老莫和大林中午下班回来,走进院门,看到大头坐在堂前的门口,他们第一句话都是急急地问:
“燕子后来来过没有?”
大头嘻嘻笑着和他们说:“来过了,来过不止一次,你们自己来看。”
两个人走到堂前,看到额枋上的黄泥不仅多了起来,还往外凸了出来,两个人都笑了,老莫说:
“真好,这就算是把地基打下了。”
大头和大林一听都忍不住大笑。
燕子还在不停地来回飞,忙碌着,老莫担心他们这么多人在堂前吃饭,会吓到它们,害得它们不敢再来。反正现在天气也暖和了,老莫和大林大头说:
“在它们把窝筑好之前,我们搬去外面吃饭。”
大林和大头都说好,院子里的水磨石桌子,用来吃饭的话太小太挤,他们干脆把堂前的八仙桌抬出去,罩在水磨石桌子的上面。
大头问老莫:“它们在造房子,那我要不要给它们送点心啊。”
老莫他们家在造这房子的时候,大头每天都要给生产队来帮忙的,老孙他们送点心,因此他才会开这样的玩笑。
老莫一听却紧张起来,忙不迭地叫着:
“不要,不要,你千万不要去动,这上面要是粘了人气,燕子就认为这里不安全,不会再来了,以后它们下的蛋和孵出的小燕子也一样,人要是碰过之后,它们就不会要,会把小燕子挤出窝。”
“我是在开玩笑的。”
大头嘀咕一声,同时摇了摇头,觉得有些不可思议,怎么老莫现在,连这点理解力和幽默细胞都没有了。
他不知道,老莫以及大林,和他是一样的,对燕子来他们家筑巢这事,他们都是又开心又害怕。开心的是燕子来了,而担心是燕子会因为什么,突然又飞走了,舍弃了他们家,那就像是给他们家判了死刑,告诉他们说,他们家别想好了,不可能的。
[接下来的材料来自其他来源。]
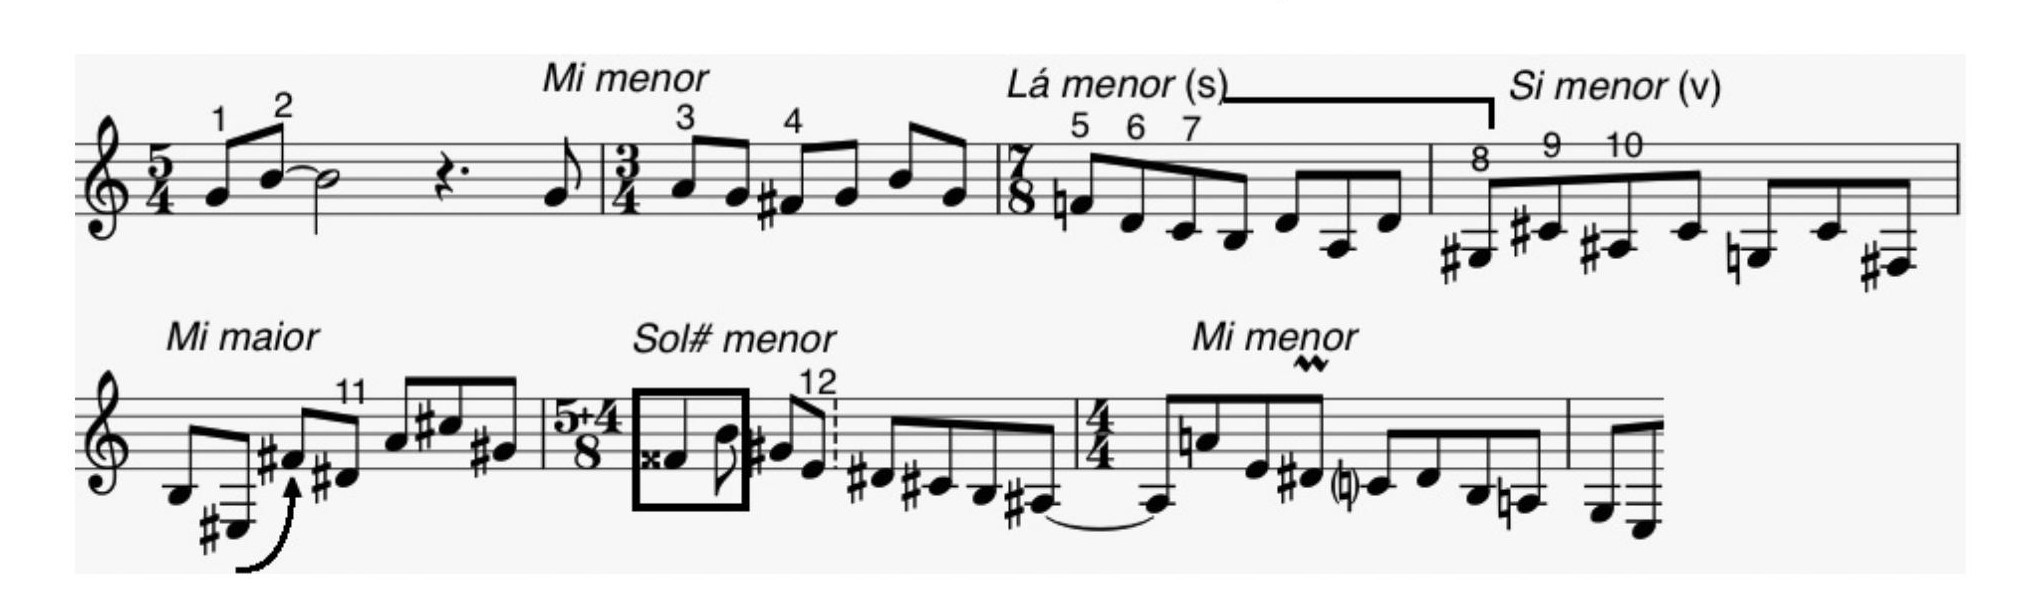 Fig. 17: Esboço dos c. 15-21, com indicação da primeira ocorrência de cada uma das doze notas. No c. 19, a seta assinala uma espécie de aproximação cromática entre mi#3 e fá#4.

同时也预示着,桑水珠的病好起来,只是他们的一个想像,她是不可能好的。
老莫他们父子三个人,每天都抱着这样战战兢兢的心情,看着燕子飞来又飞去,飞去又飞来,看着额枋上的燕子窝,一天天大起来的时候,他们的心始终都悬在那里。
连白牡丹也被他们感染了,每天来到这里,关心的第一件事,就是要看看燕子窝做得怎么样了。四个人在院子里坐着,每天都在想着办法,看看能不能帮帮燕子,让它们加快筑巢的速度。
心里总是在巴望着,只要燕子把窝筑好,它们住进来之后,应该就不会再走。
大林心里很急,巴不得自己能帮它们筑巢,要是它们同意自己帮忙的话,自己半个小时就可以把它们的窝做好,哪里需要这样每天只长大一点点。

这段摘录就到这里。